Metti / Vor 3 Monaten

Sabine: du bist in dem Metier tätig, daher dein frühzeitiges Geschrei nach Öffnung und schnelles Hereinbringen des Partytourismus. Wo haste dein Laden? Nähe Schinken/Bierstrasse? Darfst noch nicht Öffnen? Dein Sinneswandel ist zu eindeutig! Aber dann kann man das auch offen zugeben, das es so ist. Mittlerweile redest du im "Verschwörungsmodus" Kommst du dir da selbst nicht lächerlich vor? Komme aber bitte nicht noch mit "Bill Gates" um die Ecke.

bluelion / Vor 3 Monaten

@sabine. Solche Feste sind einfach Virenschleudern und sind zu Recht verboten. Egal, ob in Korea (https://www.tagesschau.de/ausland/suedkorea-corona-101.html), Ischgl (https://www.tagesschau.de/ausland/coronavirus-ischgl-studie-101.html), Israel (https://www.tagesschau.de/ausland/corona-israel-101.html), USA (https://www.bz-berlin.de/welt/die-party-jugend-ist-das-corona-problem-der-usa) und Heinsberg oder Tirschenreuth (https://www.tagesschau.de/inland/corona-hotspots-101.html) sind sie der Ausgangspunkt für lokale Infektionswellen. Wenn man dem Tourismus auf Mallorca also eine Chance geben will, dann sollte man daraus lernen. Dümmliche emails, ohne irgendeinen wissenschaftlichen Background, sind kontraproduktiv und der letzte Sargnagel für die mallorquinische Wirtschaft.
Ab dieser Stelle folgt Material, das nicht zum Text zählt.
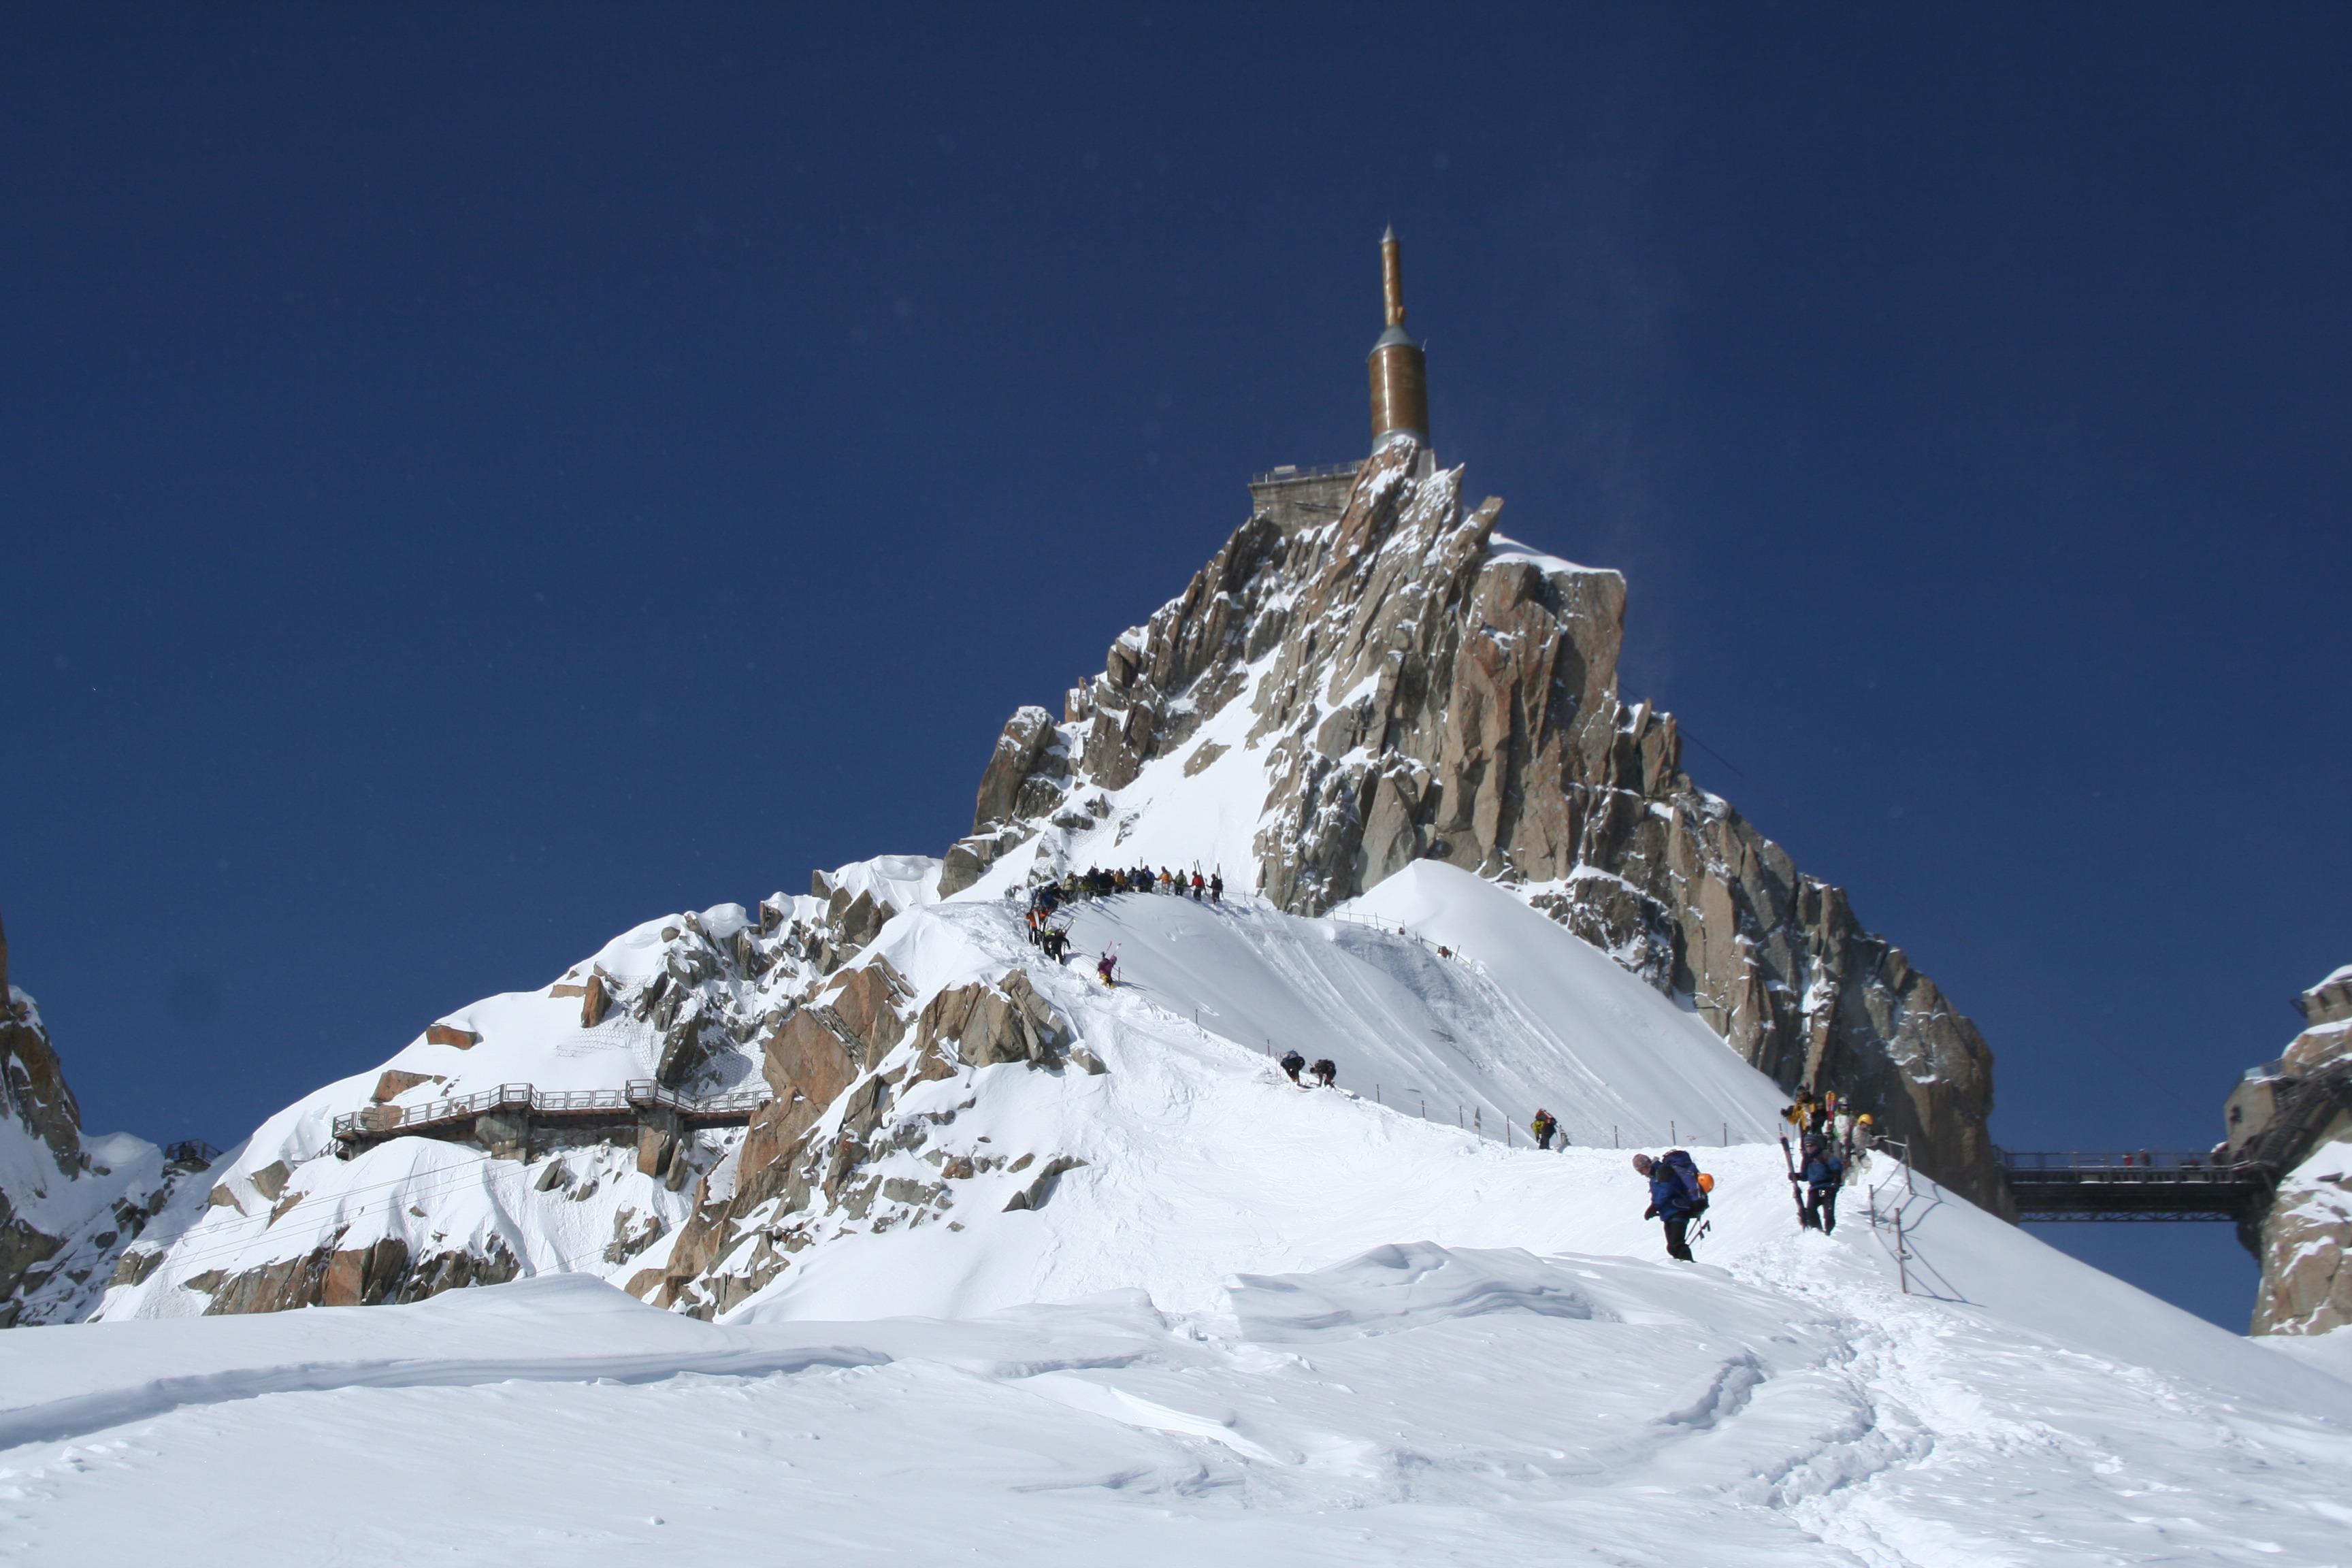 Chamonix, Aiguille du Midi, ski

Stefan Meier / Vor 3 Monaten

@Sabinchen Nur, weil nicht jede Fahrt über eine rote Ampel zu einem Unfall führt, ist das Verbot über eine rote Ampel zu fahren Unsinn. Man kann sich ja über jedes Gesetz aufregen, aber die Nichtbefolgung hat nun einmal Konsequenzen.

chd / Vor 3 Monaten

...und ich hab mich über die Musik morgends um 8.00 h früh noch gewundert!

Majorcus / Vor 3 Monaten

Derartige Veranstaltungen sind rücksichtsvoll & ungefährlich. Keinesfalls solltem man Teilnehmer 14 Tage unter Quarantäne zu stellen oder einzeln mit Bußgeld zu belegen - dummfigther & Co. dürfen dafür als Impf-Testpersonen mitmachen .... Beispiel: "Ein Mann besucht in Zürich einen Klub und infiziert dort mehrere Menschen mit dem Coronavirus. Protokoll einer Partynacht, die zum Albtraum wurde - Es hätte ein unbeschwerter Abend werden sollen. Stattdessen tritt ein Klubbesucher eine Corona-Infektionswelle los. Wie konnte es so weit kommen? Eine Rekonstruktion." Quelle: www.nzz.ch/zuerich/coronavirus-in-zuerich-wie-es-zum-superspreader-fall-gekommen-ist-ld.1563801

Sabine / Vor 3 Monaten

Wegen der Coronakrise ist es ob der Ansteckungsgefahr streng verboten, große Feste zu veranstalten.....

Wer von den Teilnehmern wurde in Quarantäne geschickt, wer getestet. Bitte also nicht erzählen, hier ginge es um Ansteckungsgefahr oder "Coronakrise". Denn seuchenhygienische Maßnahmen zur Nachsorge wurden gerade nicht angeordnet. Oder lässt sich das "tödliche Virus" auch von Bußgeldern beeindrucken? So macht sich der Staat die Jugend zum Freund.

Welcher der Teilnehmer der letzten Partys liegt auf der Intensivstation und kämpft um sein Leben? Kein Einziger! Niemand ist auch nur erkrankt. Alles Mumpitz welcher die Authorität des Staates untergräbt.